━━━ PROVIDED MATERIAL ━━━
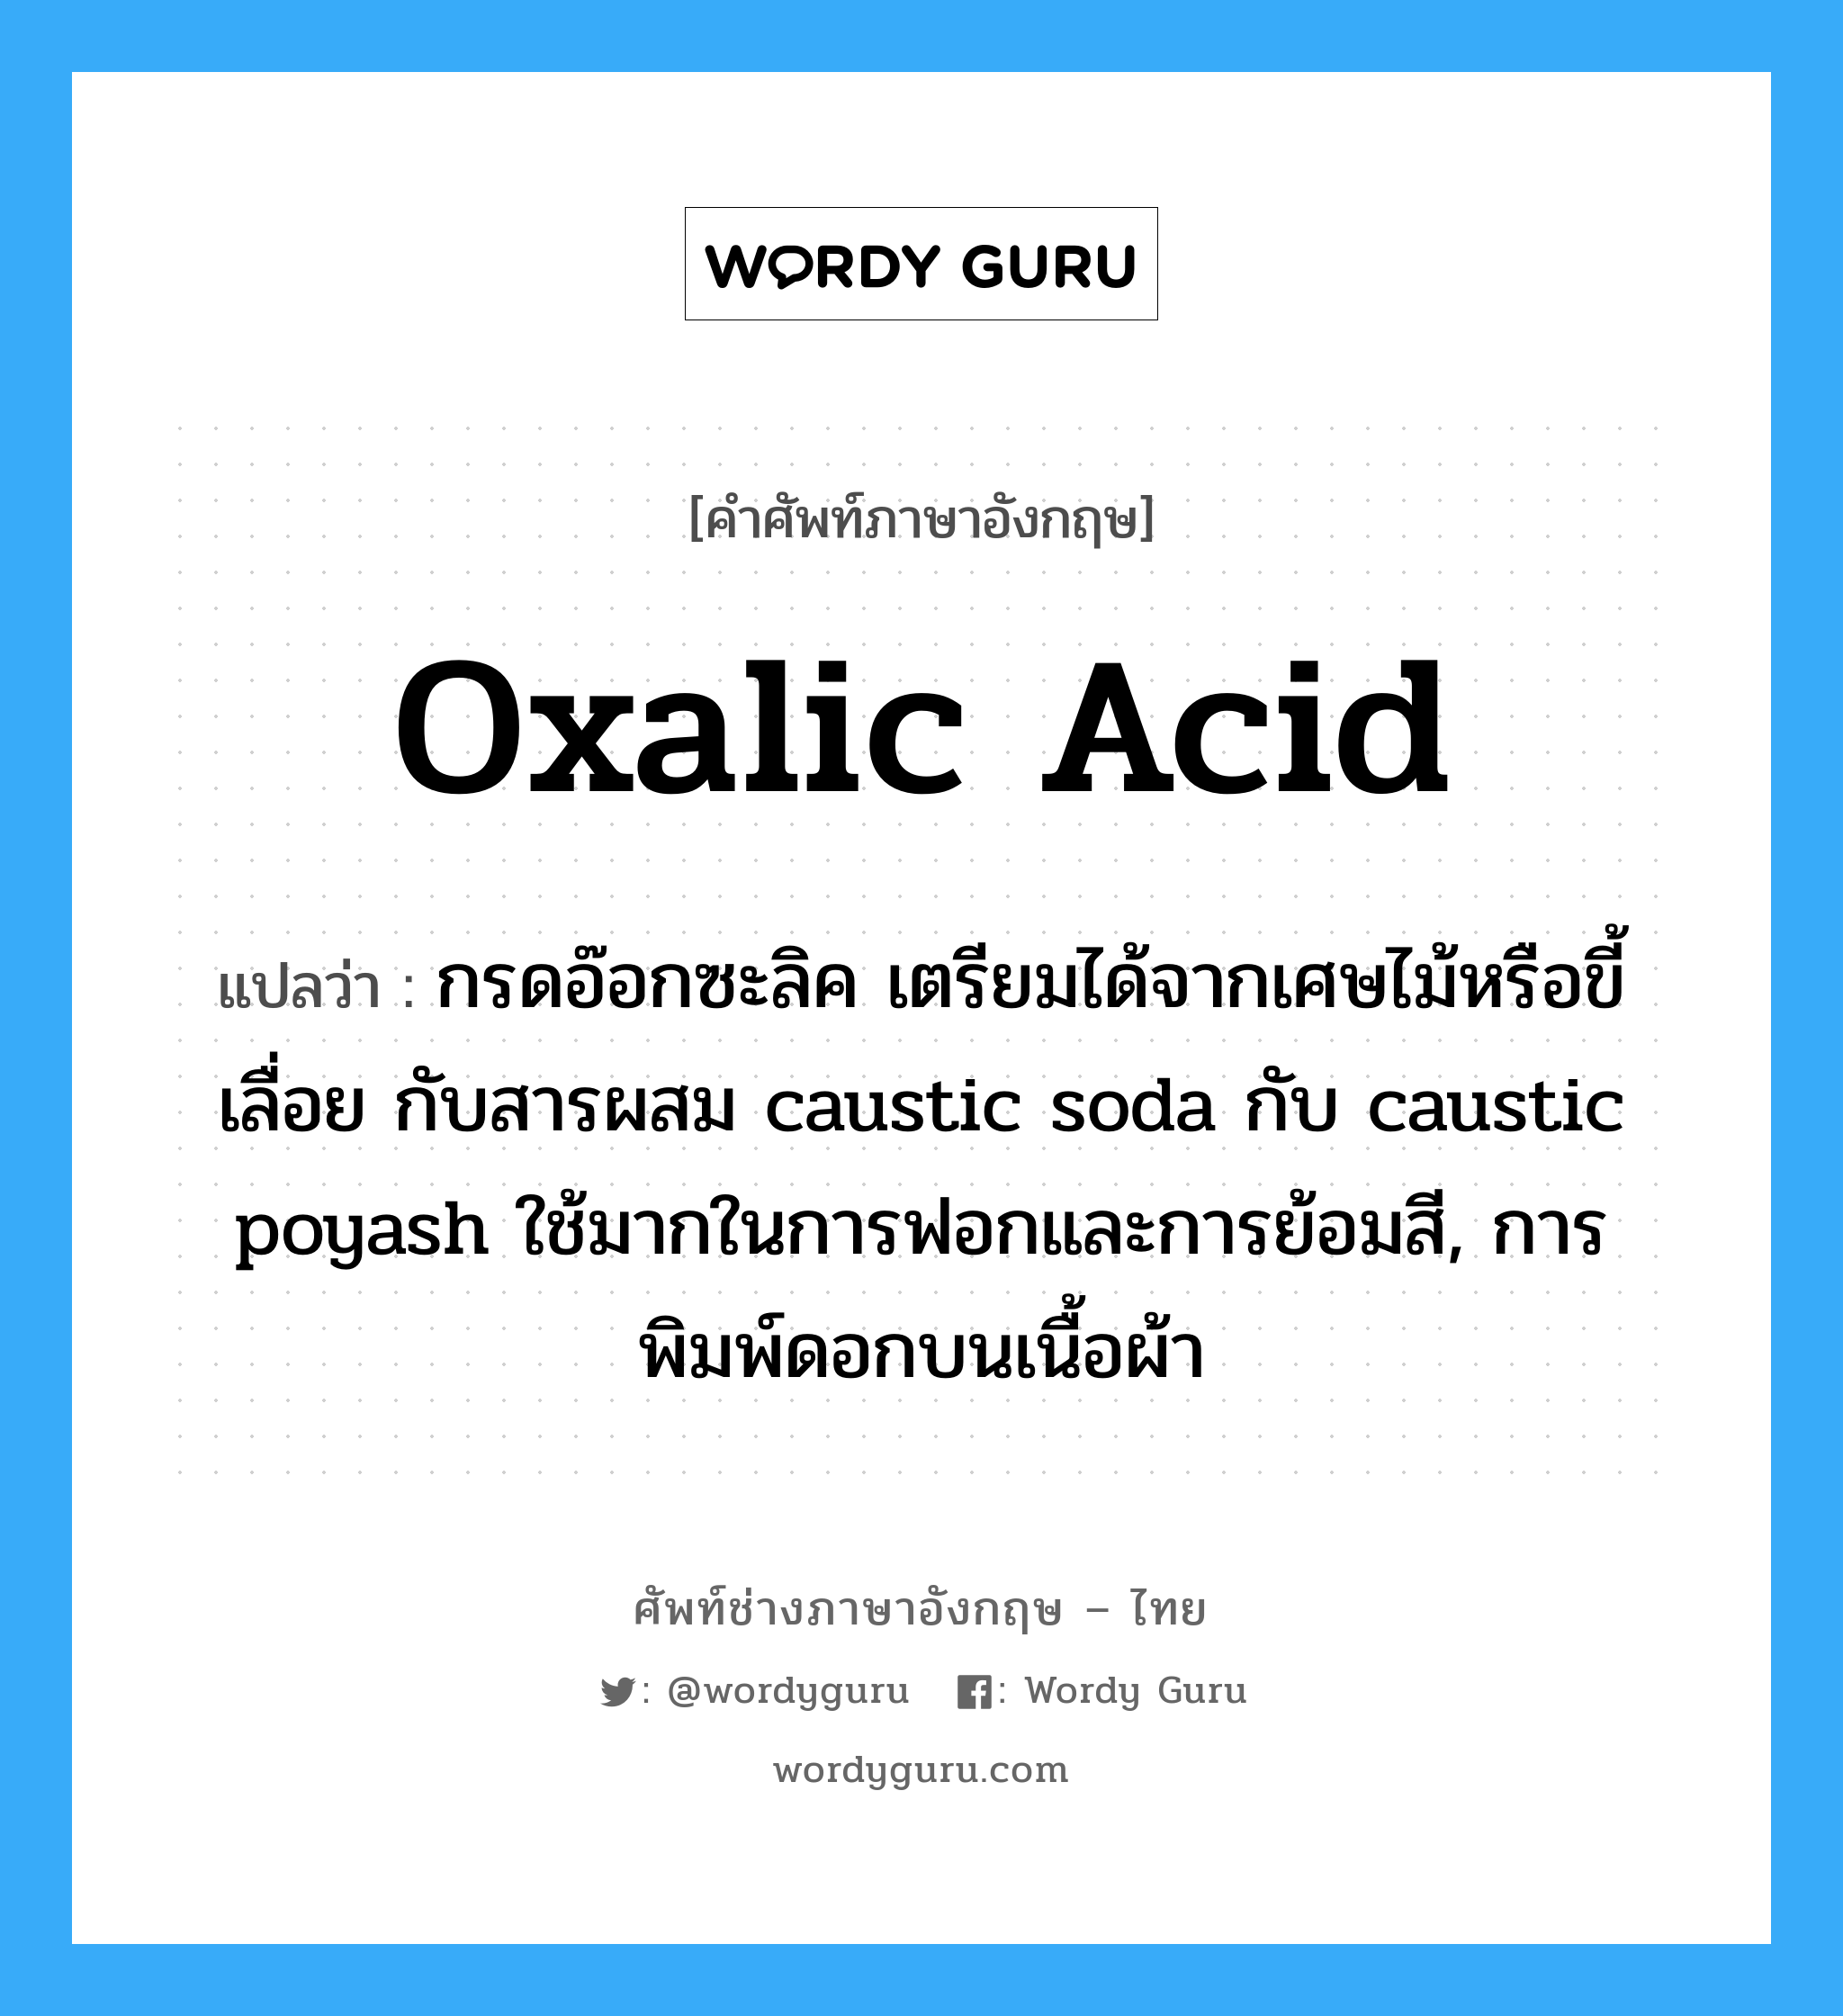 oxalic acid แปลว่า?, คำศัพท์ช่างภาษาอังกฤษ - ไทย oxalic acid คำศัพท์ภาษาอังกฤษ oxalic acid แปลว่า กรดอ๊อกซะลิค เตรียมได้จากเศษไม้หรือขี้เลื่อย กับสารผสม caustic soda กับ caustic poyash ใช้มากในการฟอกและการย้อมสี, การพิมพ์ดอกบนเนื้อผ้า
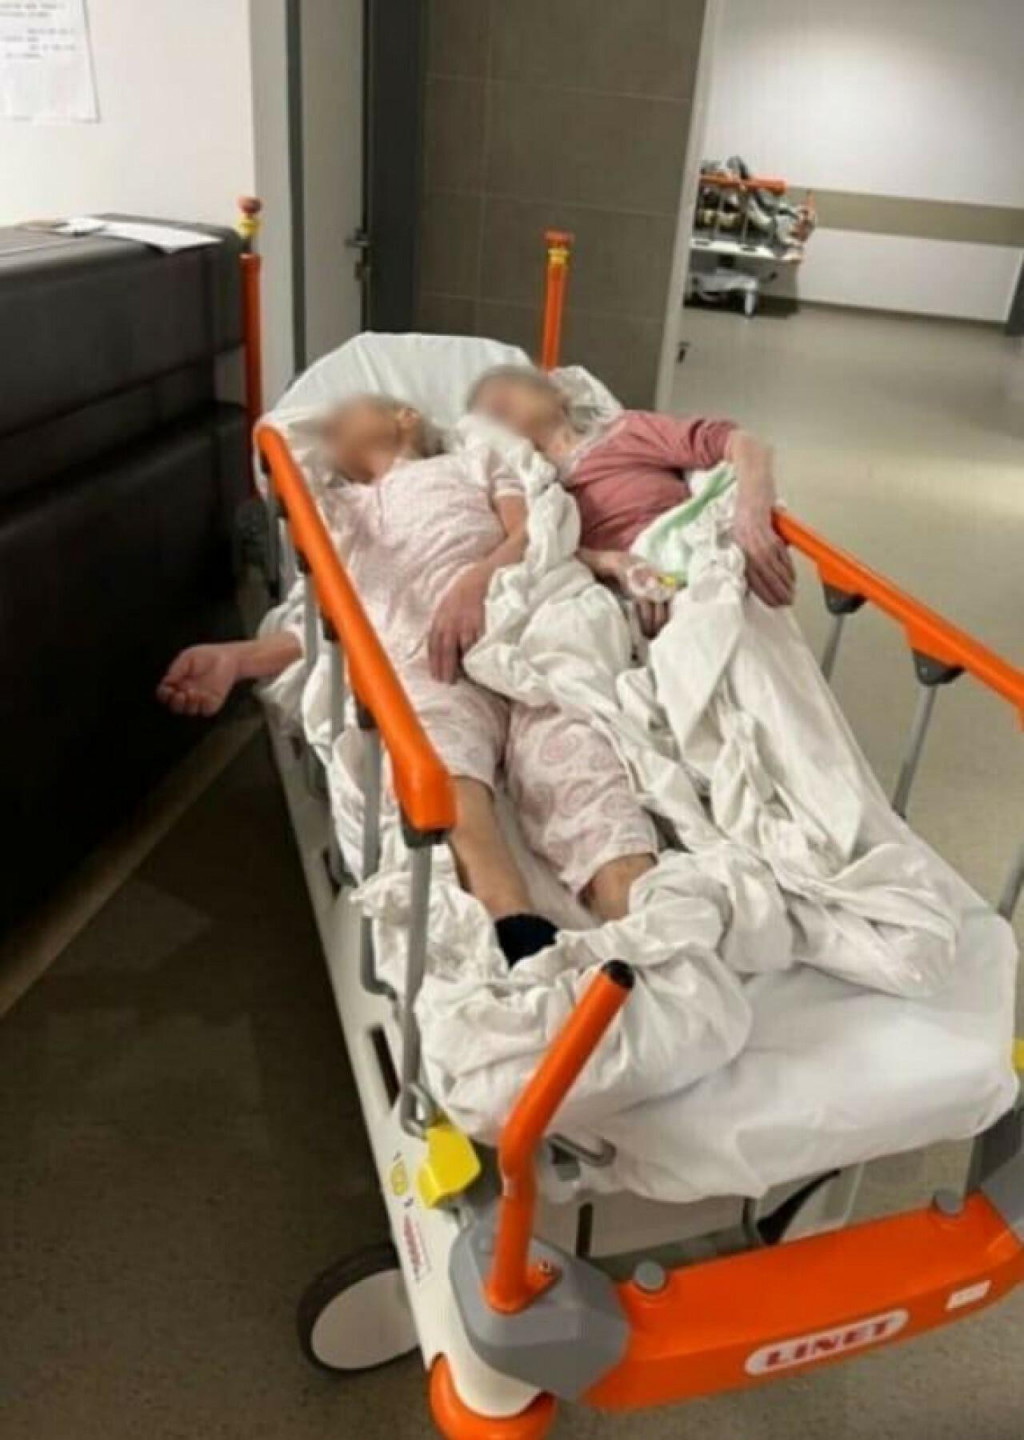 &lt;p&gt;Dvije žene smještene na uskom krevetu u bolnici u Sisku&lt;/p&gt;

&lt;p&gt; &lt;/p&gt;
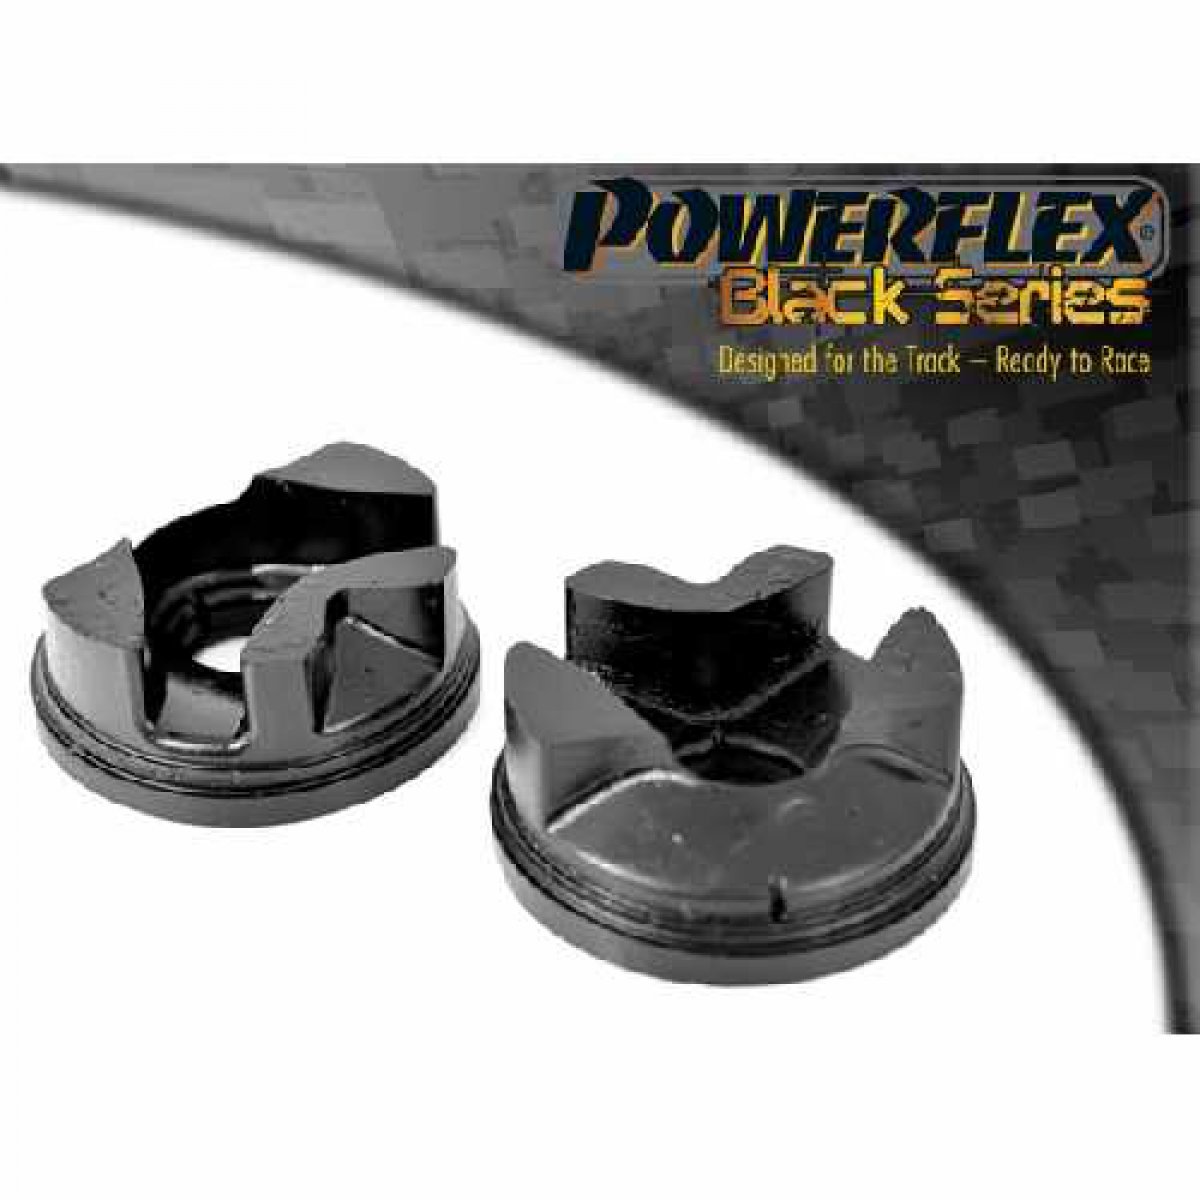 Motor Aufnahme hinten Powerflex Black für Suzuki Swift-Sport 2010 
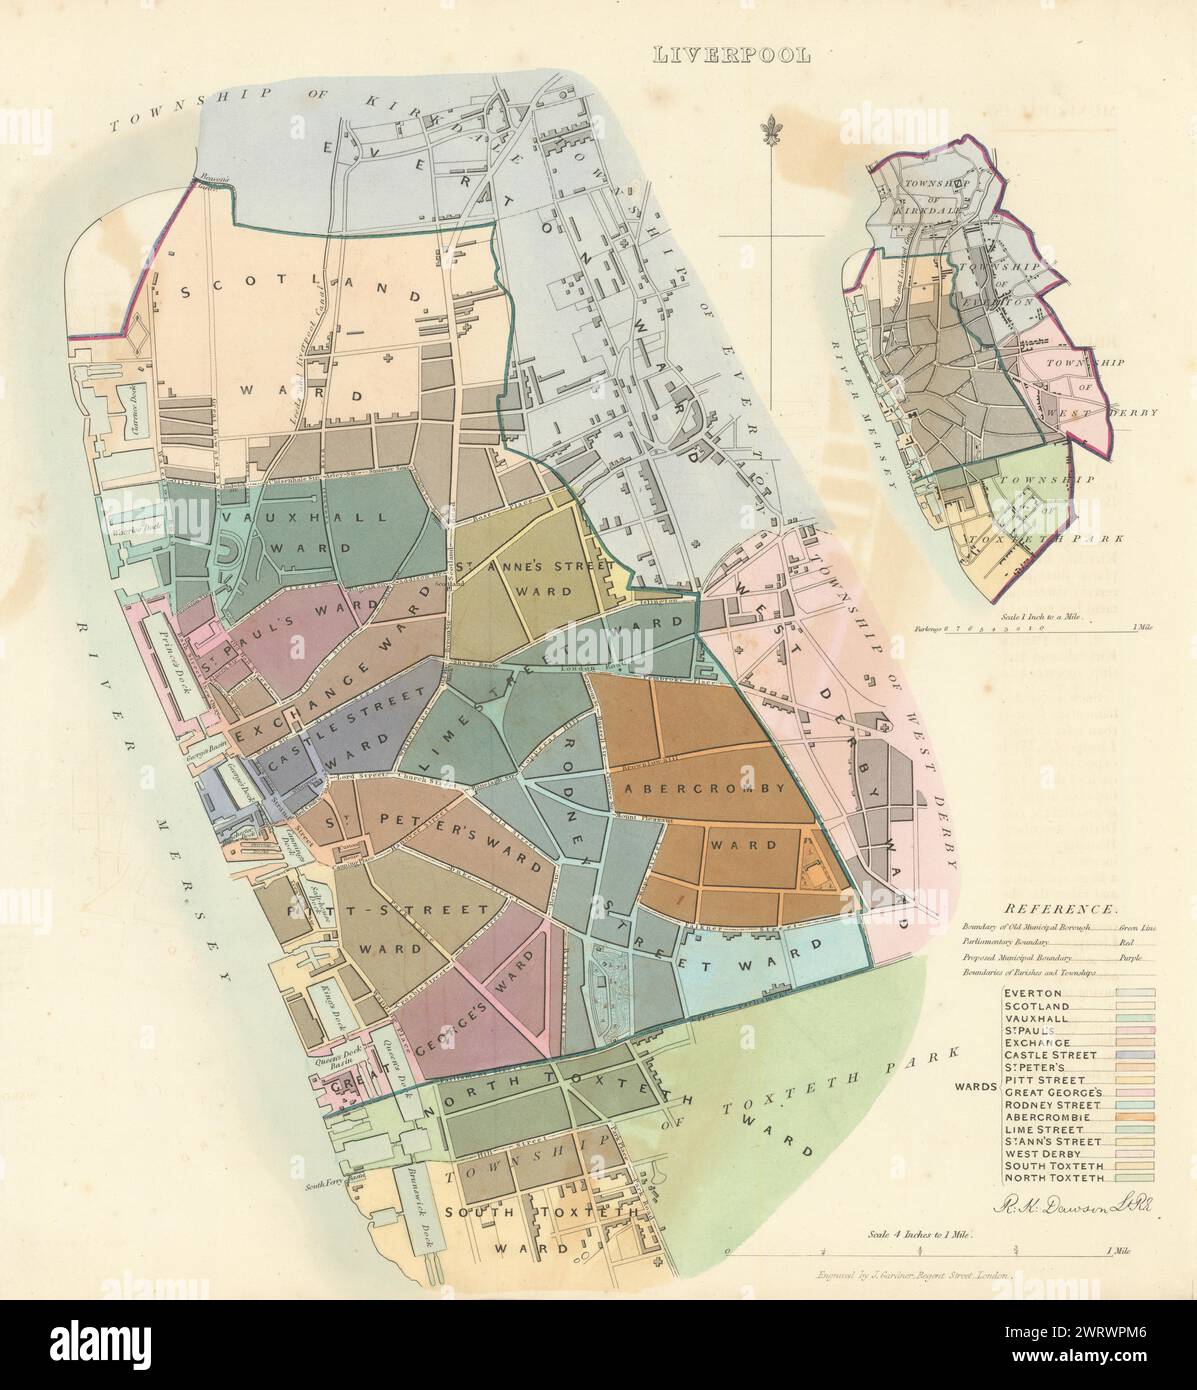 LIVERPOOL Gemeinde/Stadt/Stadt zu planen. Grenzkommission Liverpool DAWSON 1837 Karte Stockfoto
━━━
▸ WORK REQUIRED
Apart from the pictures, return every entry above exactly as given.

▸ WRITTEN SOLUTION
 oxalic acid แปลว่า?, คำศัพท์ช่างภาษาอังกฤษ - ไทย oxalic acid คำศัพท์ภาษาอังกฤษ oxalic acid แปลว่า กรดอ๊อกซะลิค เตรียมได้จากเศษไม้หรือขี้เลื่อย กับสารผสม caustic soda กับ caustic poyash ใช้มากในการฟอกและการย้อมสี, การพิมพ์ดอกบนเนื้อผ้า
 &lt;p&gt;Dvije žene smještene na uskom krevetu u bolnici u Sisku&lt;/p&gt;

&lt;p&gt; &lt;/p&gt;
 Motor Aufnahme hinten Powerflex Black für Suzuki Swift-Sport 2010 
 LIVERPOOL Gemeinde/Stadt/Stadt zu planen. Grenzkommission Liverpool DAWSON 1837 Karte Stockfoto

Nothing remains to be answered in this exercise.